• _Assigned task_
Would you print out all of the data exactly and keep the pictures out of it?
[Opening Data for the task section]
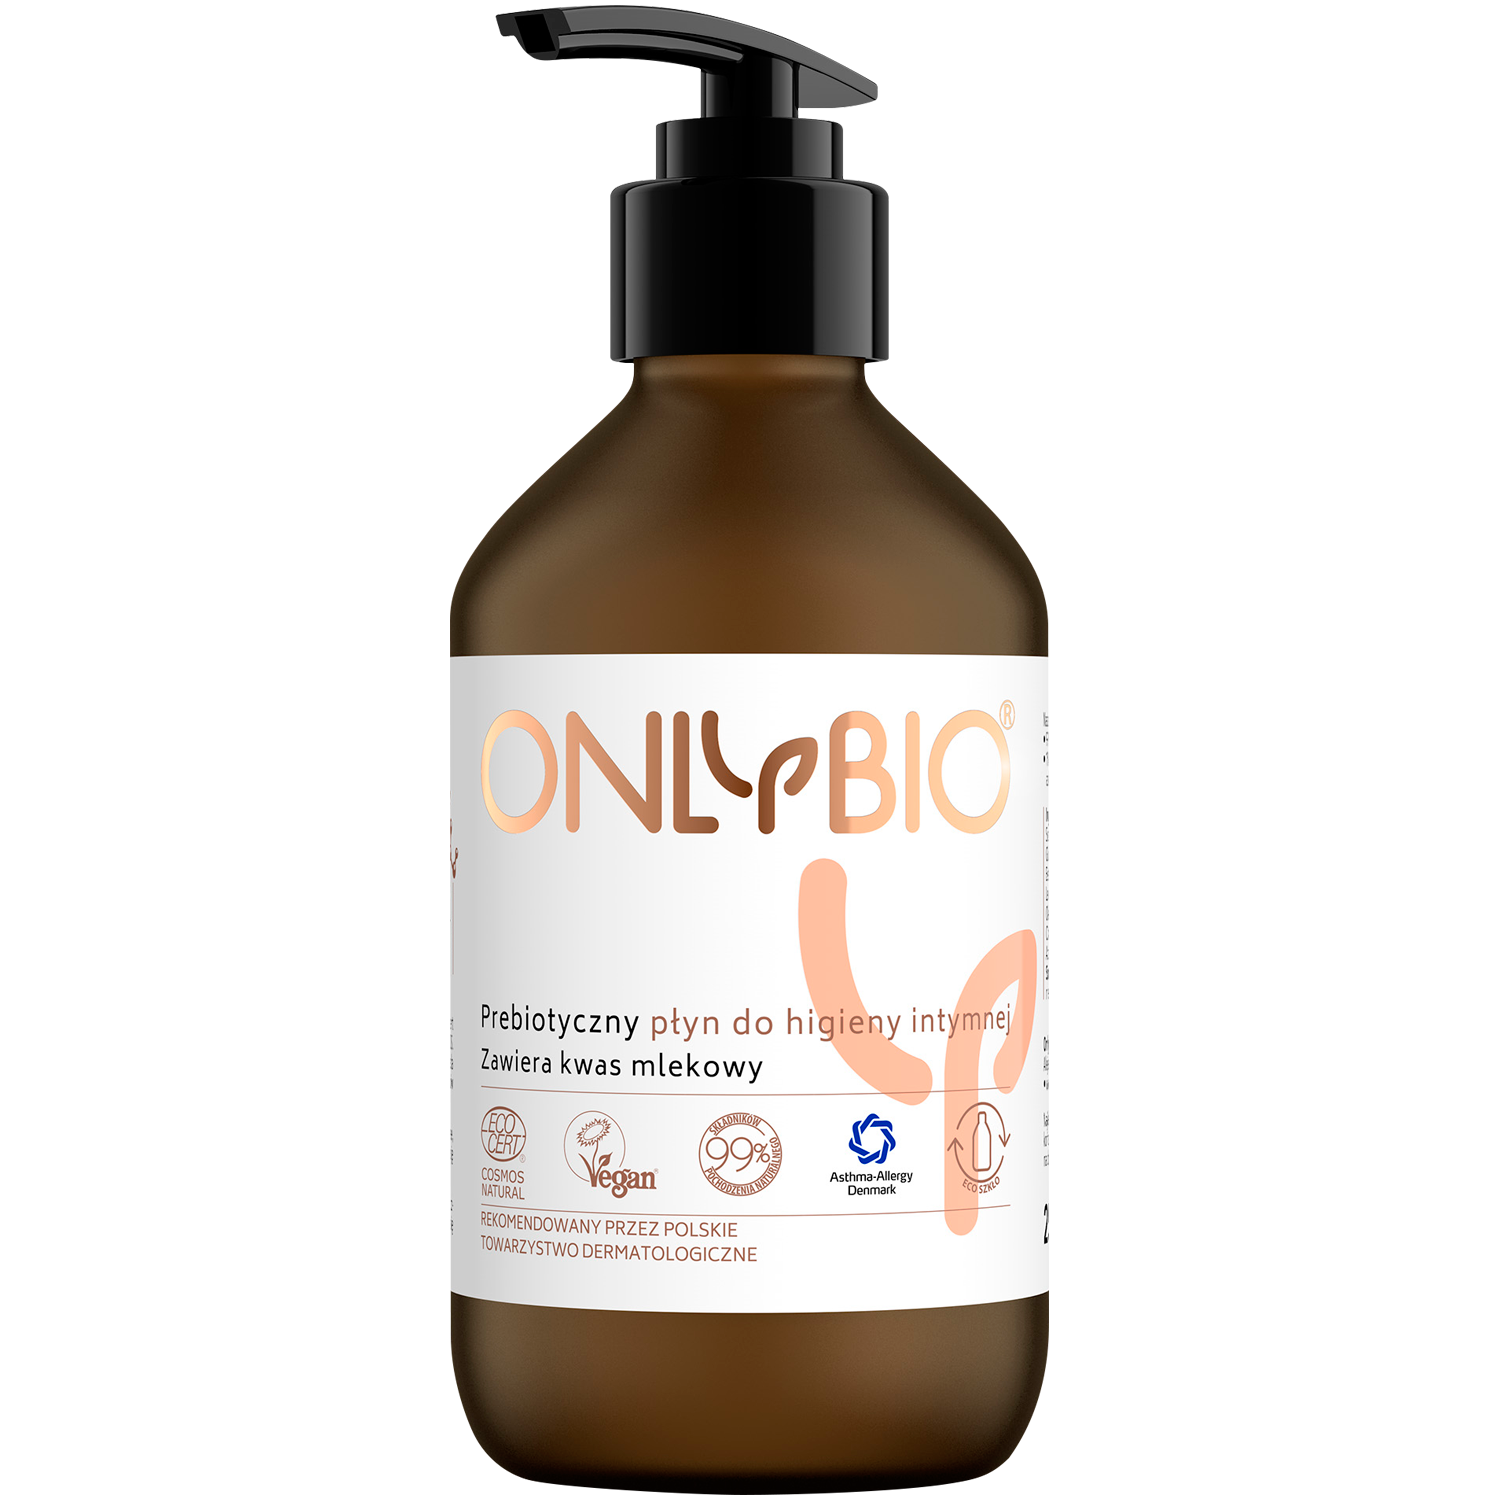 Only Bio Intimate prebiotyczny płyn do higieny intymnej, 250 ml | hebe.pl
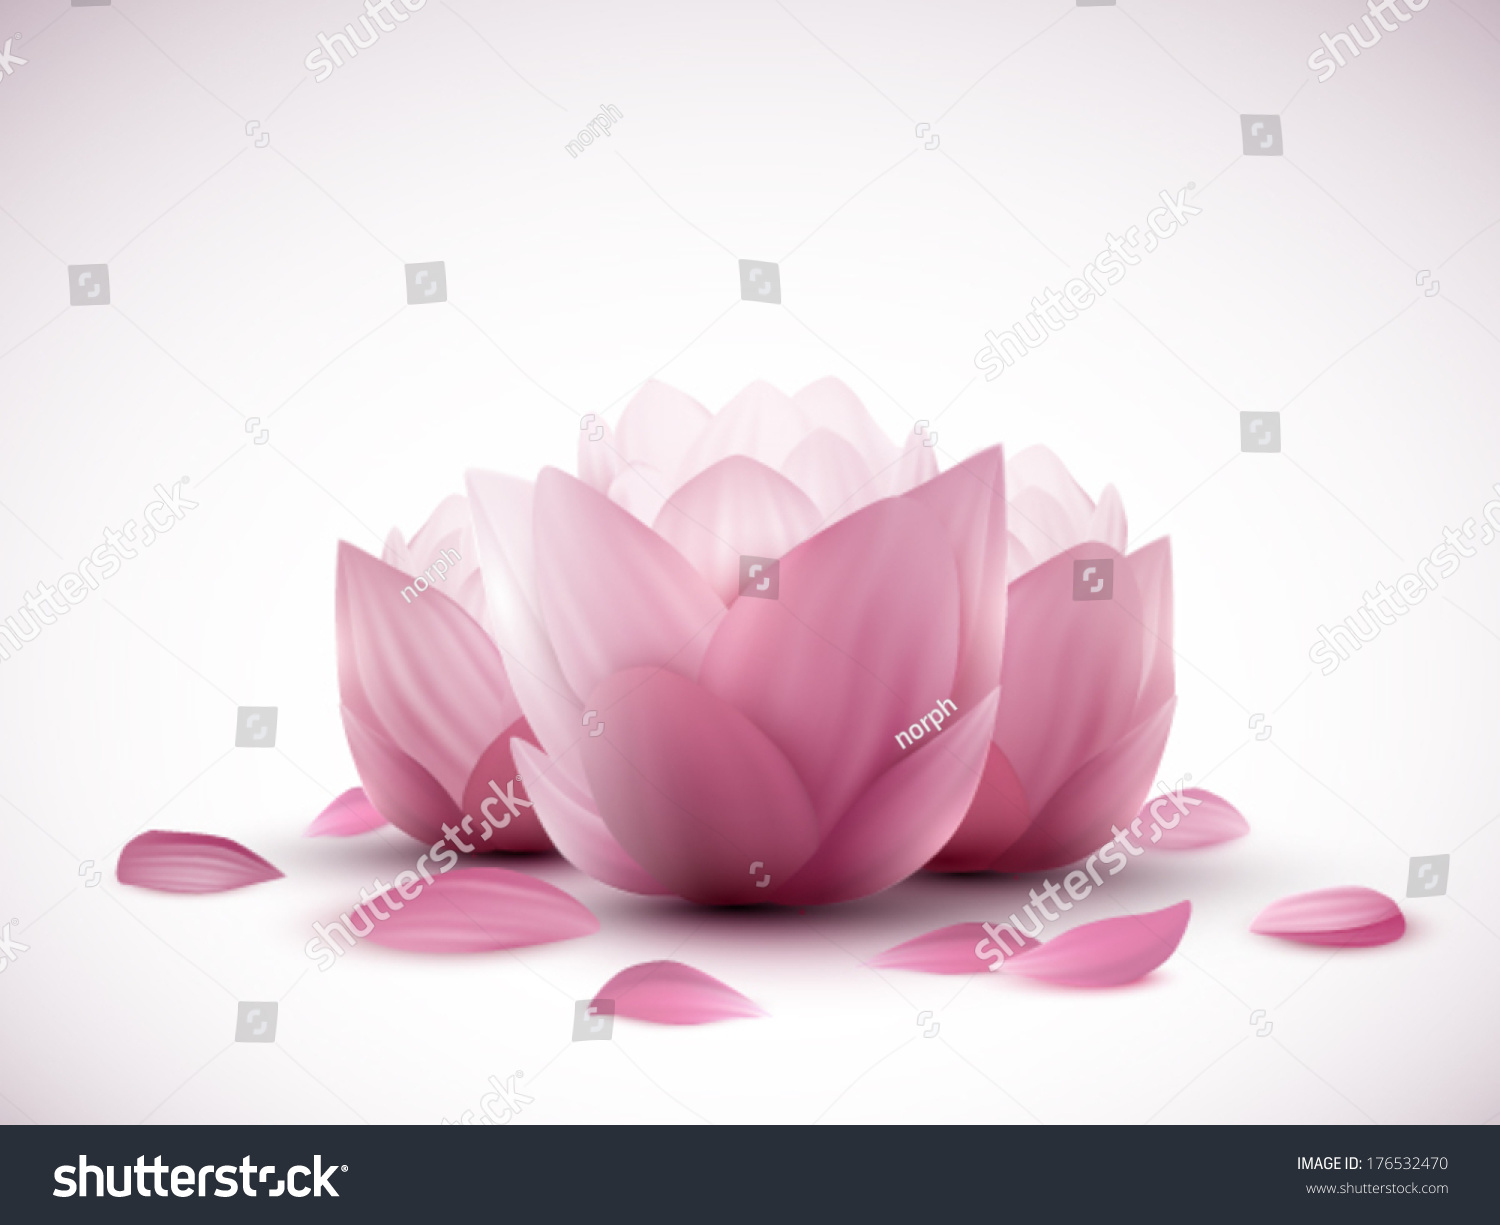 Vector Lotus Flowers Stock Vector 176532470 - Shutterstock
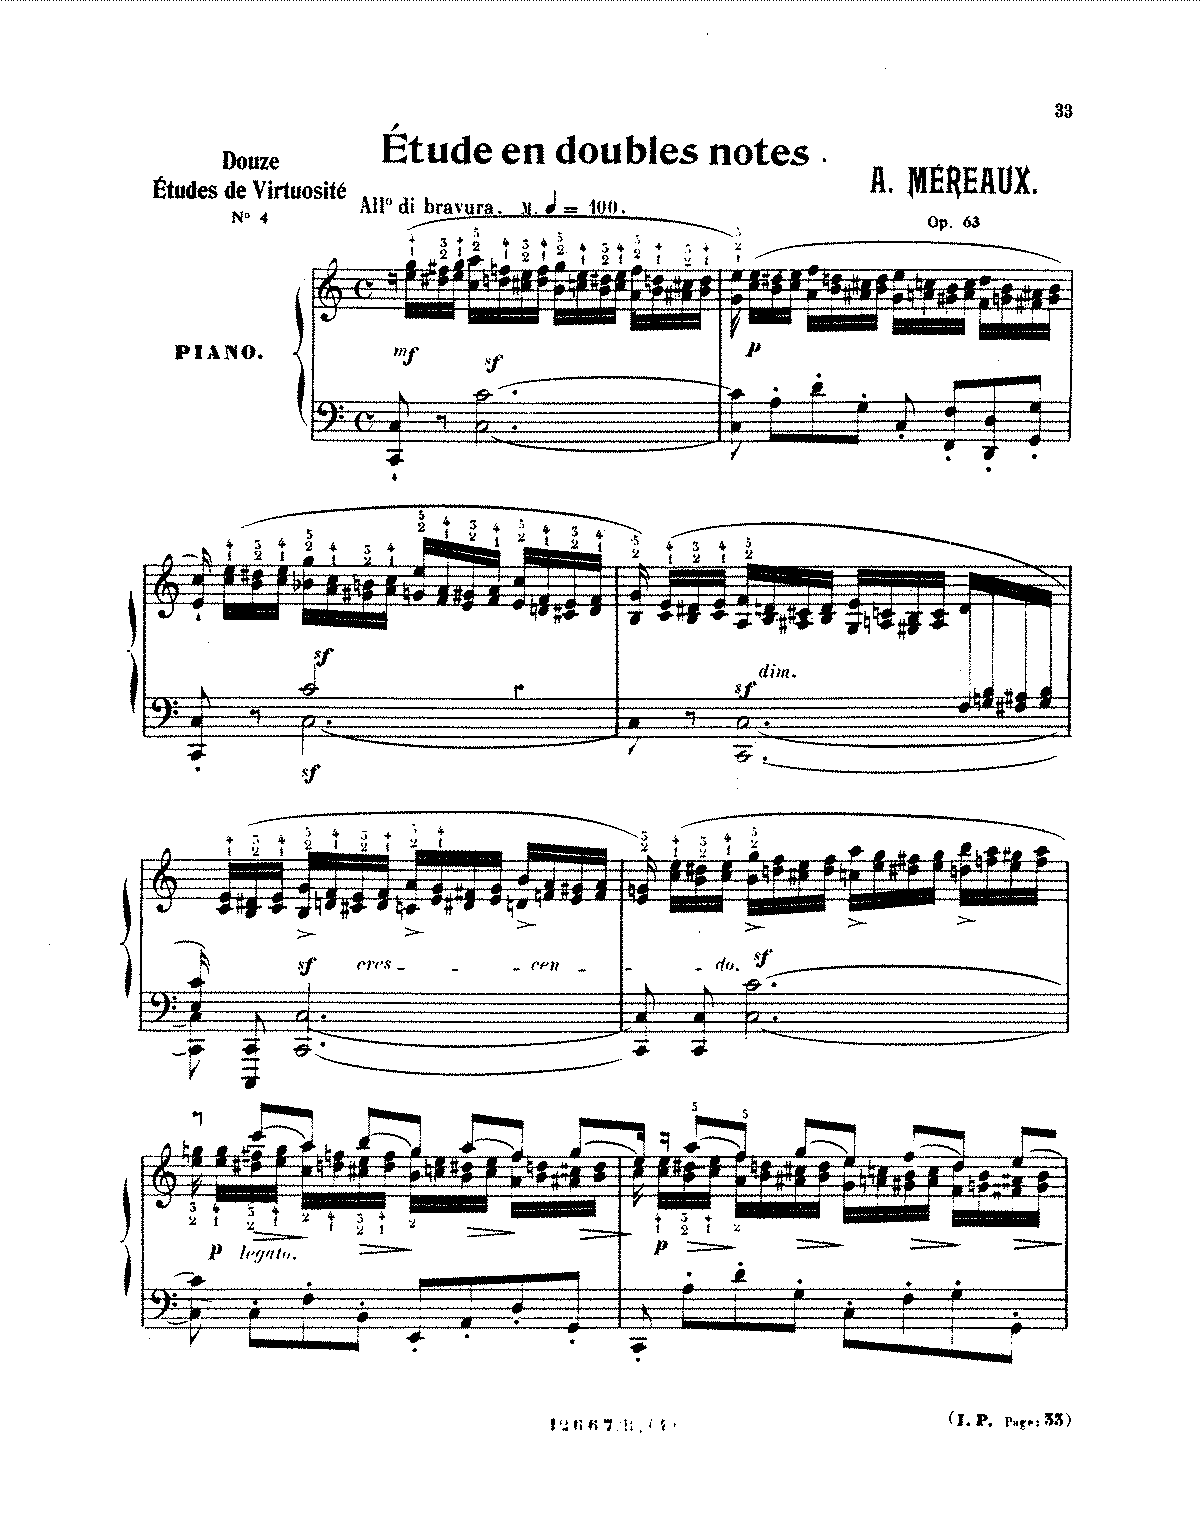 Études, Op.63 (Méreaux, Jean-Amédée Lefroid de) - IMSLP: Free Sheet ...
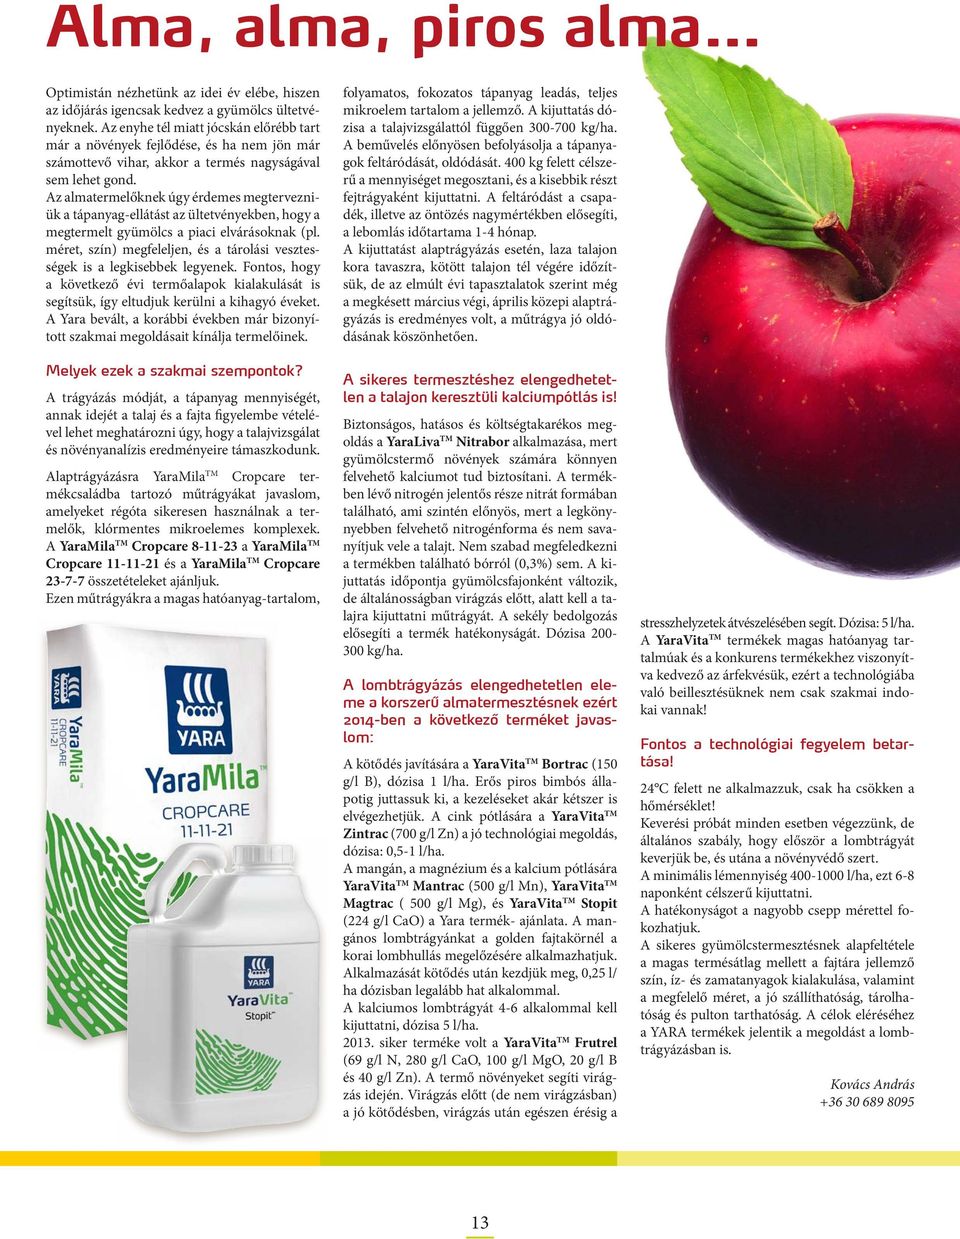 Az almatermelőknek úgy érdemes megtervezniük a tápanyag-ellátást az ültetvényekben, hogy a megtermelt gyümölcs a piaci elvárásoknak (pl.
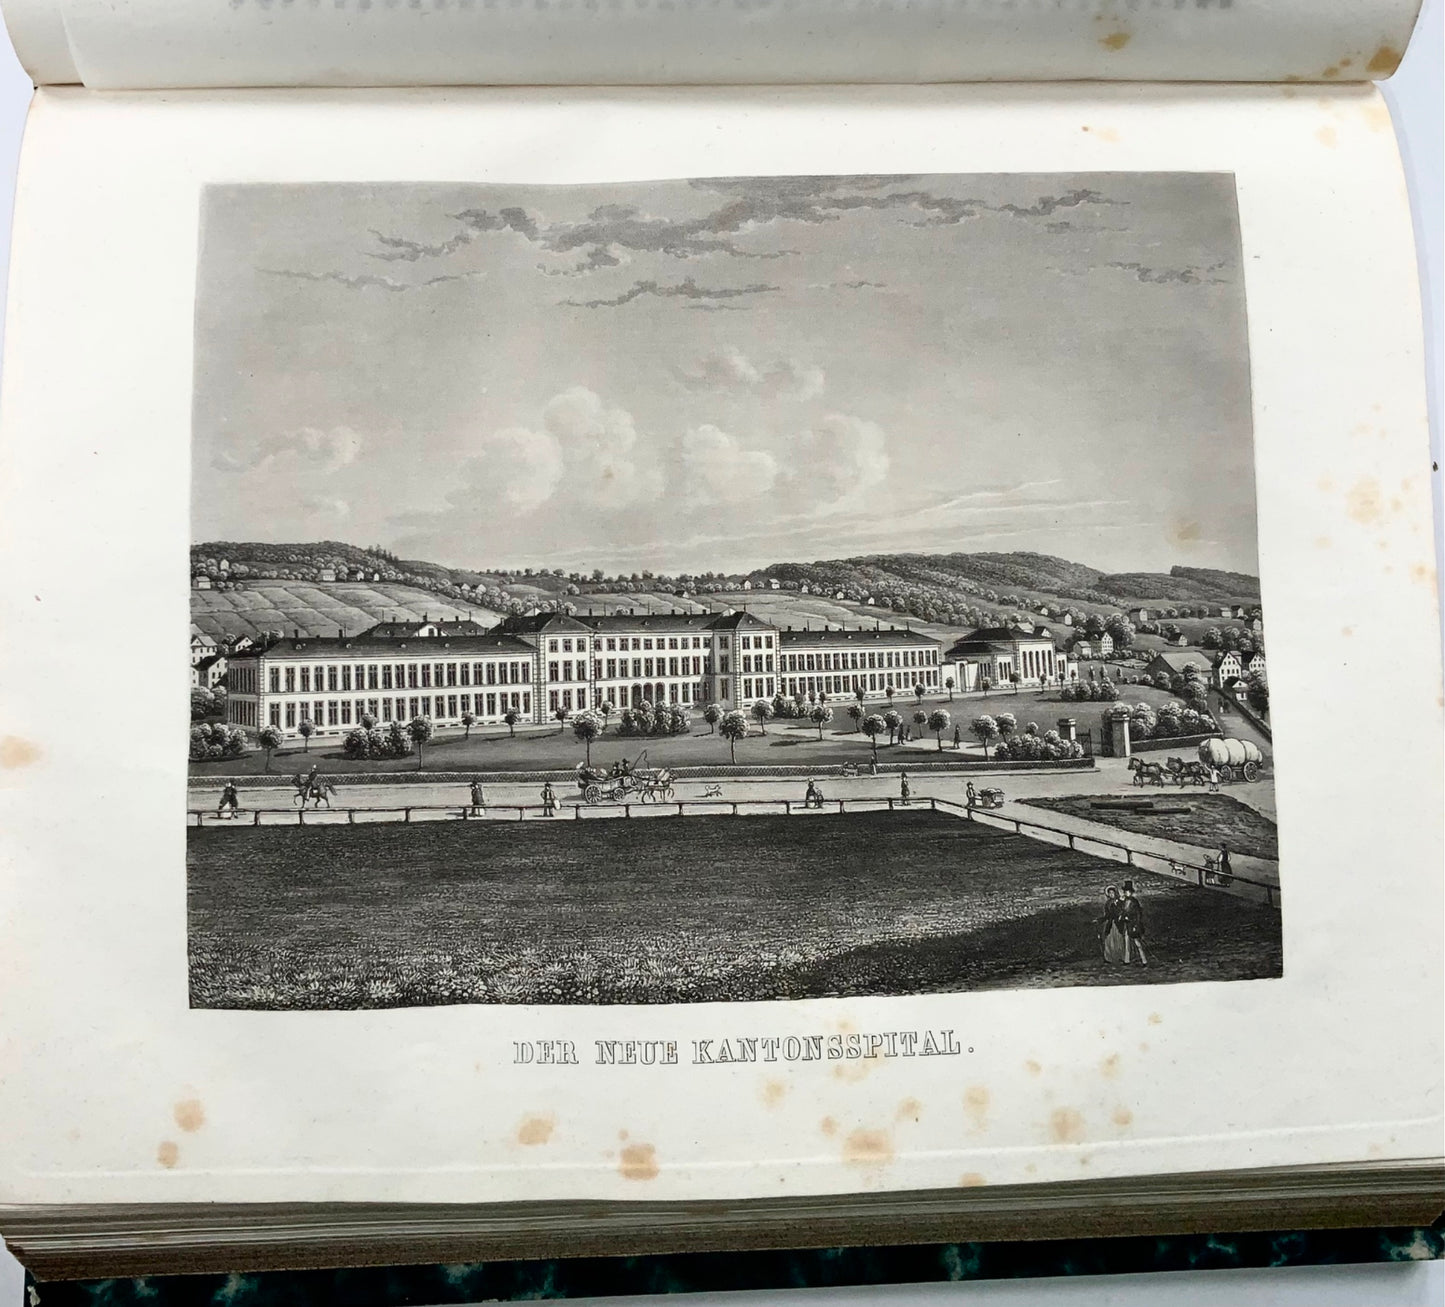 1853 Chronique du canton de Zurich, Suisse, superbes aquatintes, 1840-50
[Closing Data for the task section]
• _Written response_
 Only Bio Intimate prebiotyczny płyn do higieny intymnej, 250 ml | hebe.pl
 Vector Lotus Flowers Stock Vector 176532470 - Shutterstock
 Études, Op.63 (Méreaux, Jean-Amédée Lefroid de) - IMSLP: Free Sheet ...
 Az almatermelőknek úgy érdemes megtervezniük a tápanyag-ellátást az ültetvényekben, hogy a megtermelt gyümölcs a piaci elvárásoknak (pl.
 1853 Chronique du canton de Zurich, Suisse, superbes aquatintes, 1840-50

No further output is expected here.